Normalmente la violenza maschile viene messa in relazione al carattere e alla cultura di chi la esercita, tutt’al più al contesto culturale che quella cultura e psicologia determina. E al come questo influisce nel rapporto con la donna-vittima. Questo libretto ci suggerisce di guardare oltre, e di verificare se la radice della violenza non sia in realtà una irrisolta questione nella relazione tra uomini.
Tanto più oggi – qui si riaffaccia la questione del simbolico – quando anche per Manghi “la presa del codice gerarchico-patriarcale… va rapidamente scemando”. E di fronte all’irruzione, in pochi decenni, di nuove libertà femminili, gli uomini vivono “un profondo smarrimento”.
C’è dunque un invito a guardare con più attenzione alle dinamiche delle relazioni tra uomini: un passaggio necessario per cambiare anche il rapporto con le donne. E a meditare su ciò che già, nel discorso maschile, ha rotto con quella tradizione gerarchico-patriarcale generatrice di violenza. A cominciare – detto da un uomo che si dichiara non credente – dalle parole di Gesù: il perdono dalla croce ai suoi carnefici, l’invito a “offrire l’altra guancia” sono in realtà la proposizione di un discorso totalmente altro rispetto al tradizionale “colpo su colpo” che informa ancora oggi la competizione tra uomini.

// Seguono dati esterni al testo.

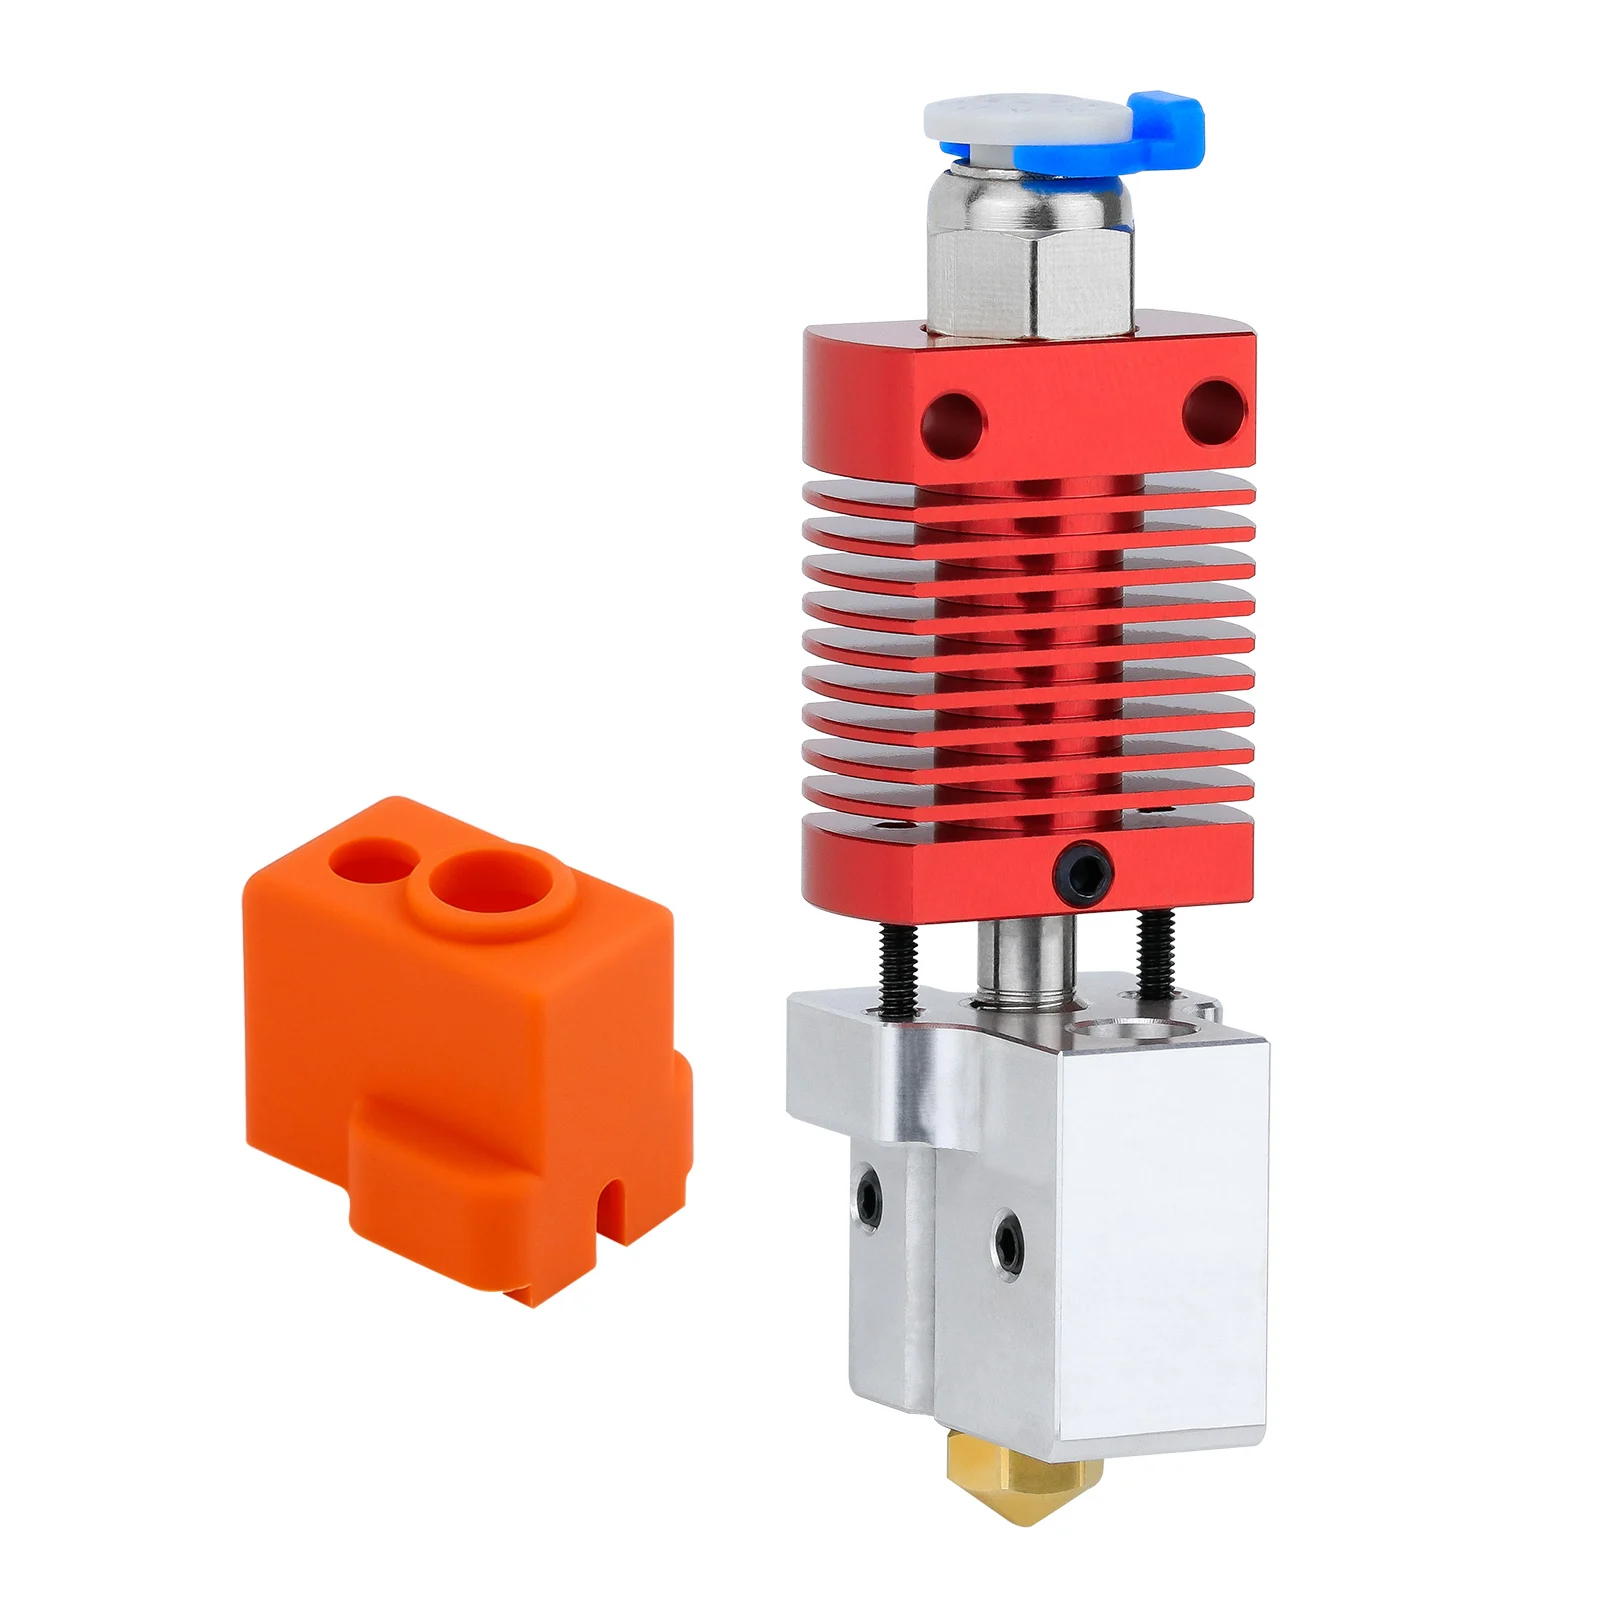 Newest Ender3 High Temperature Hotend Kit Reach To 550℃ Copper Plated Volcano Nozzle Heating Block Bi-Metal Throat CR10 Extruder ender 3 high temperature hotend kit copper plated volcano nozzle heating block bimetal throat ender3 pro v2 cr10 10s extruder

Un percorso di cambiamento, un imprevisto che può aprire a una nuova dimensione simbolica – scrive Manghi – “pater-materna”. Sembra un riferimento, non esplicito, all’”ordine simbolico della madre” di cui ha scritto la filosofa femminista Luisa Muraro.
Purchè la necessaria attenzione all’altro uomo, non si traduca in una qualche nuova rimozione dell’altro sesso. Con o senza lettera maiuscola.